:: Data supplied ::
══════════

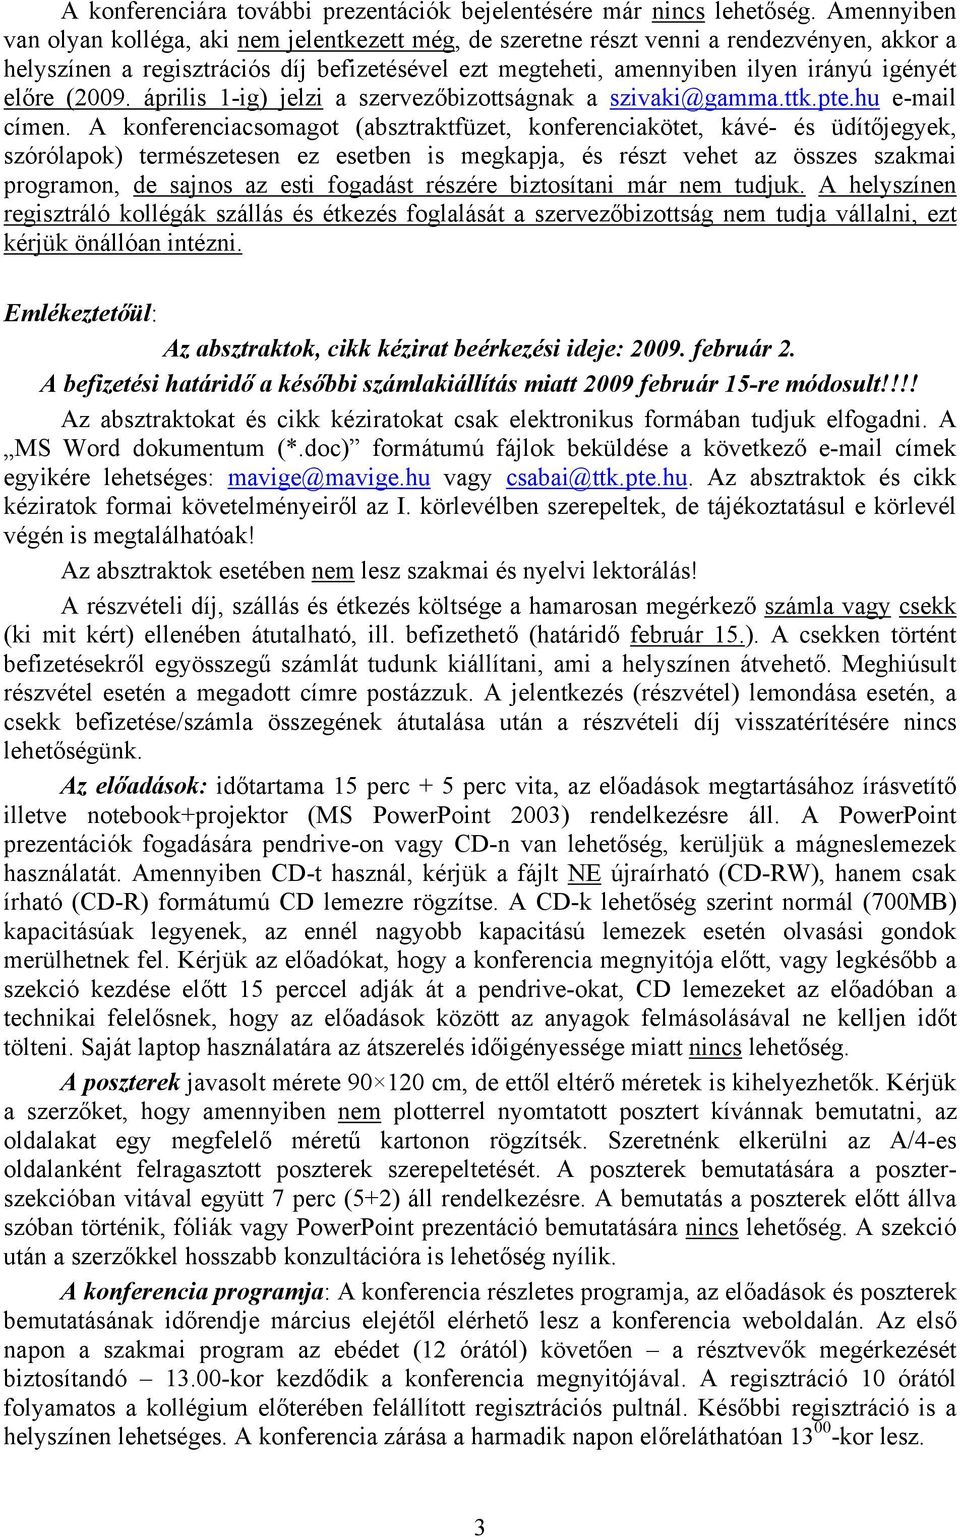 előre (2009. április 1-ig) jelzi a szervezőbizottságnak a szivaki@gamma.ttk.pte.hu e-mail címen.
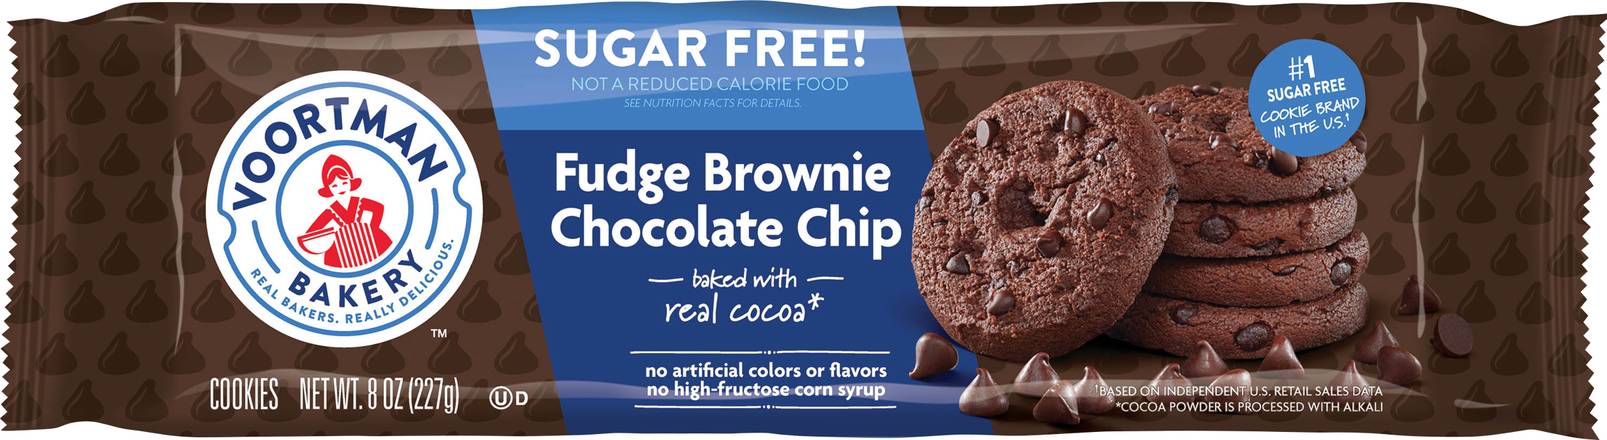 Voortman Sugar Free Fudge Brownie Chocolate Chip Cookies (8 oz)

══════════

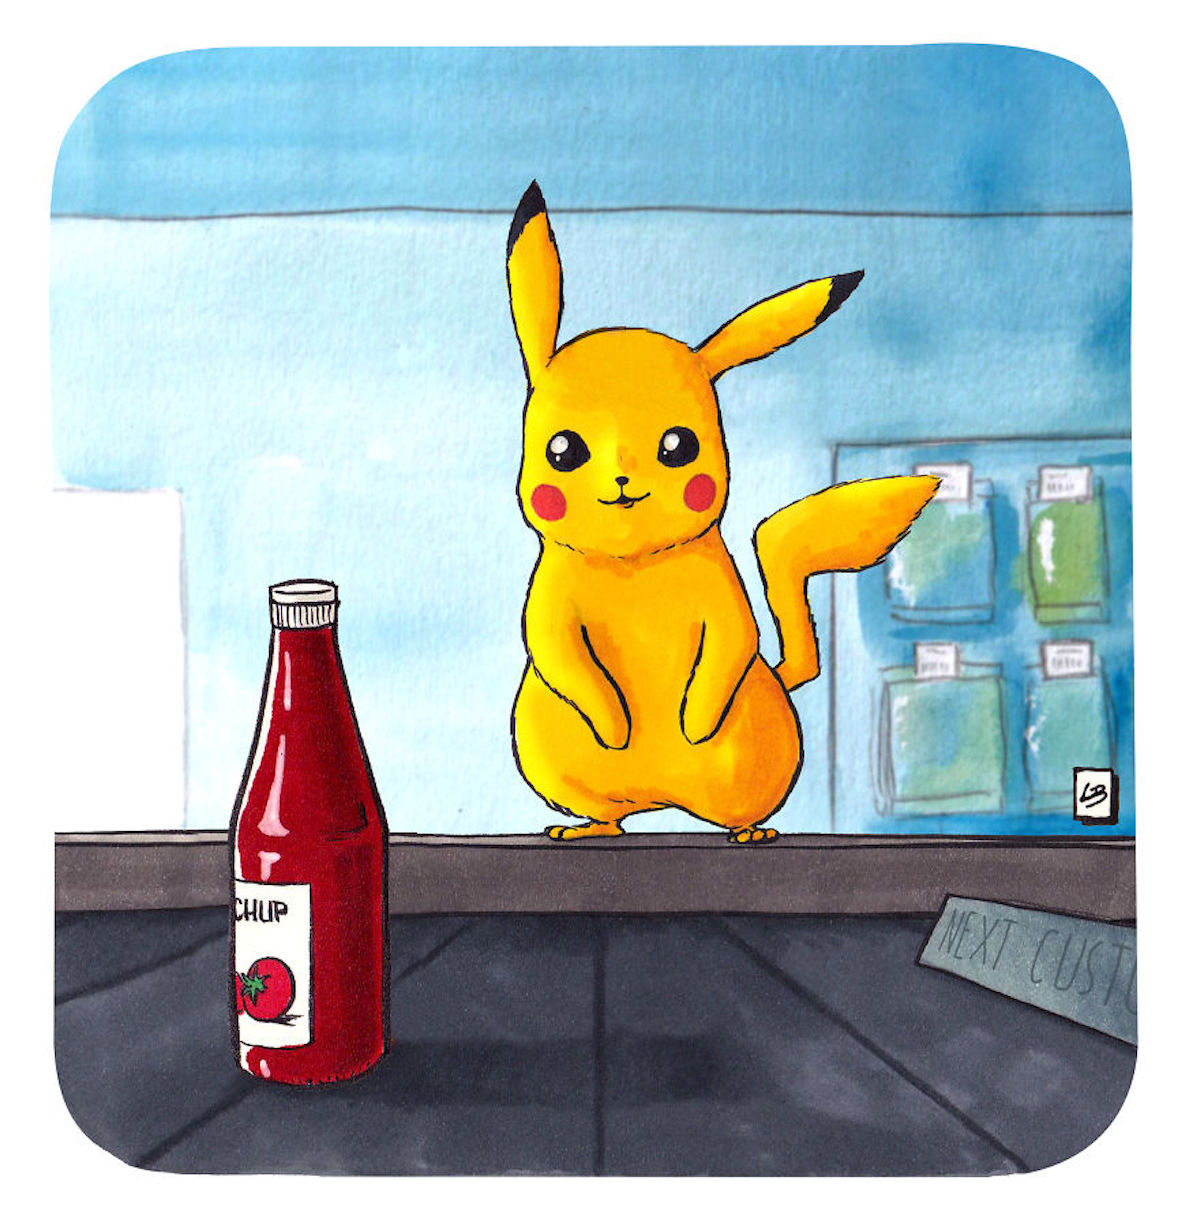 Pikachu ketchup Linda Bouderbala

══════════

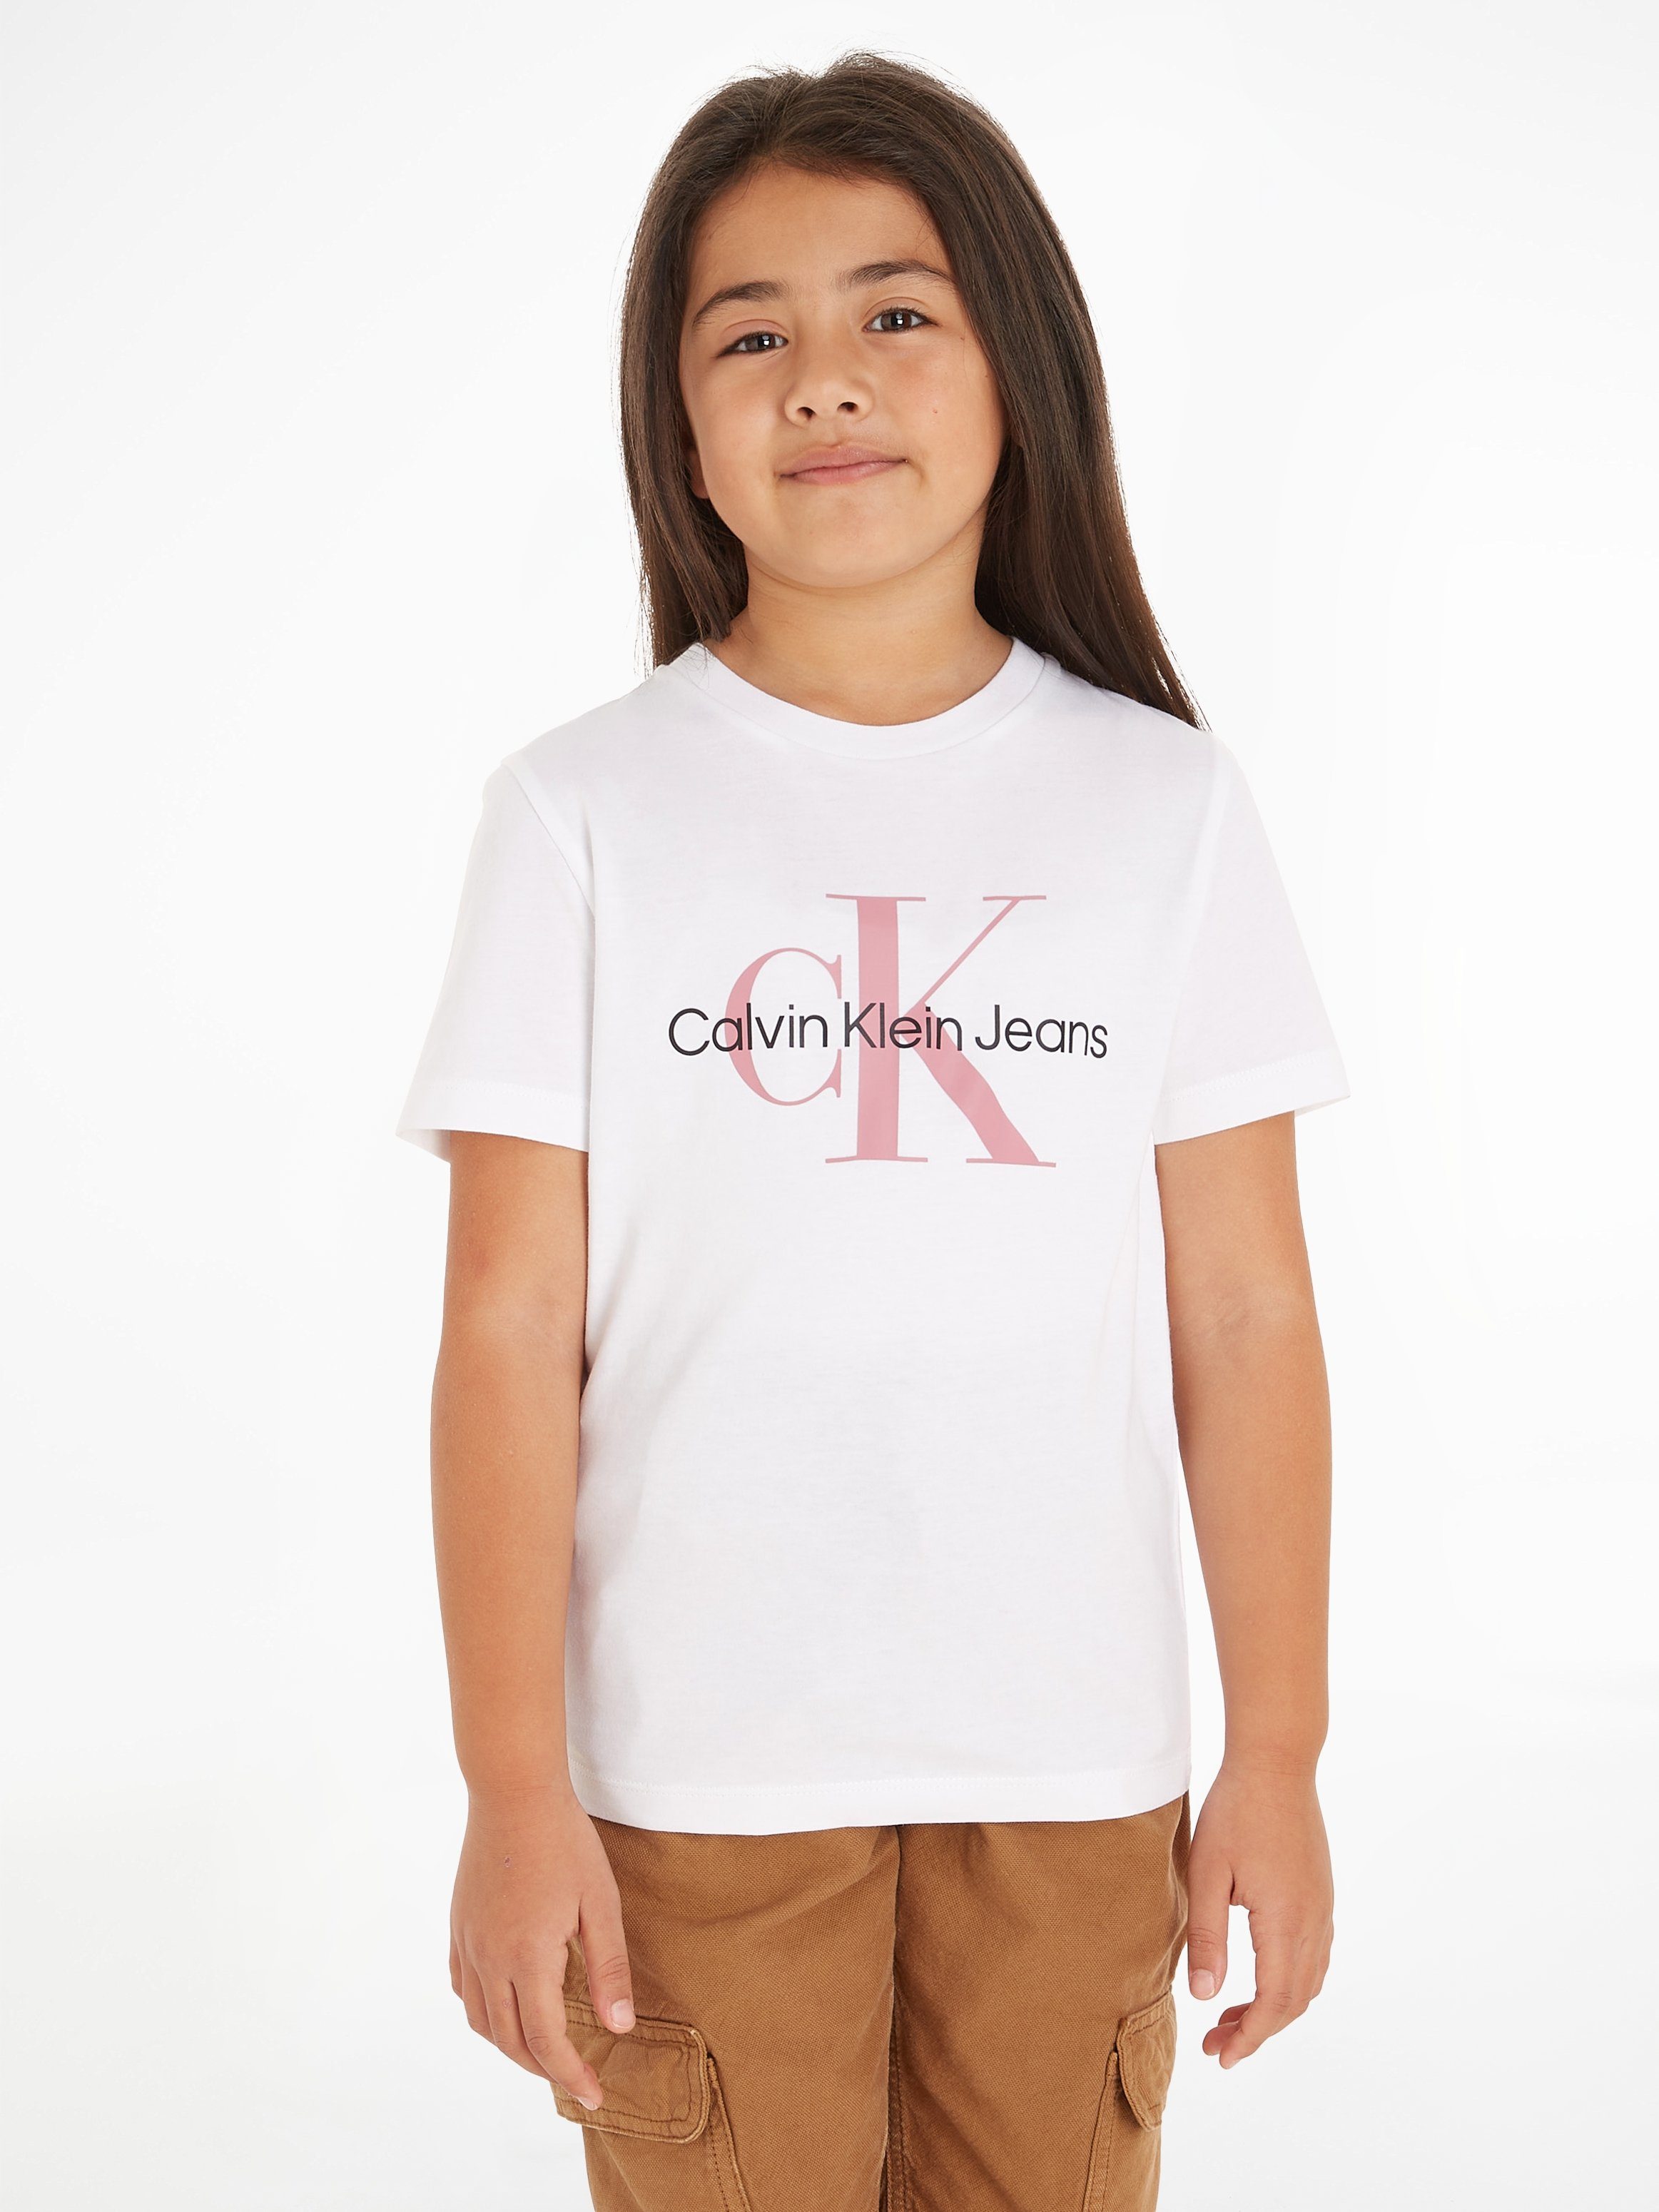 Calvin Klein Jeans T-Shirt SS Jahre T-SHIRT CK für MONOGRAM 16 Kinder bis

══════════

:: About this task ::
Going by the data above, give back only the lines from the one containing "előre (2009. április" through the one containing "Voortman Sugar Free", exactly as they stand, both ends included and no images.

:: Solution to this task ::
 előre (2009. április 1-ig) jelzi a szervezőbizottságnak a szivaki@gamma.ttk.pte.hu e-mail címen.
 Voortman Sugar Free Fudge Brownie Chocolate Chip Cookies (8 oz)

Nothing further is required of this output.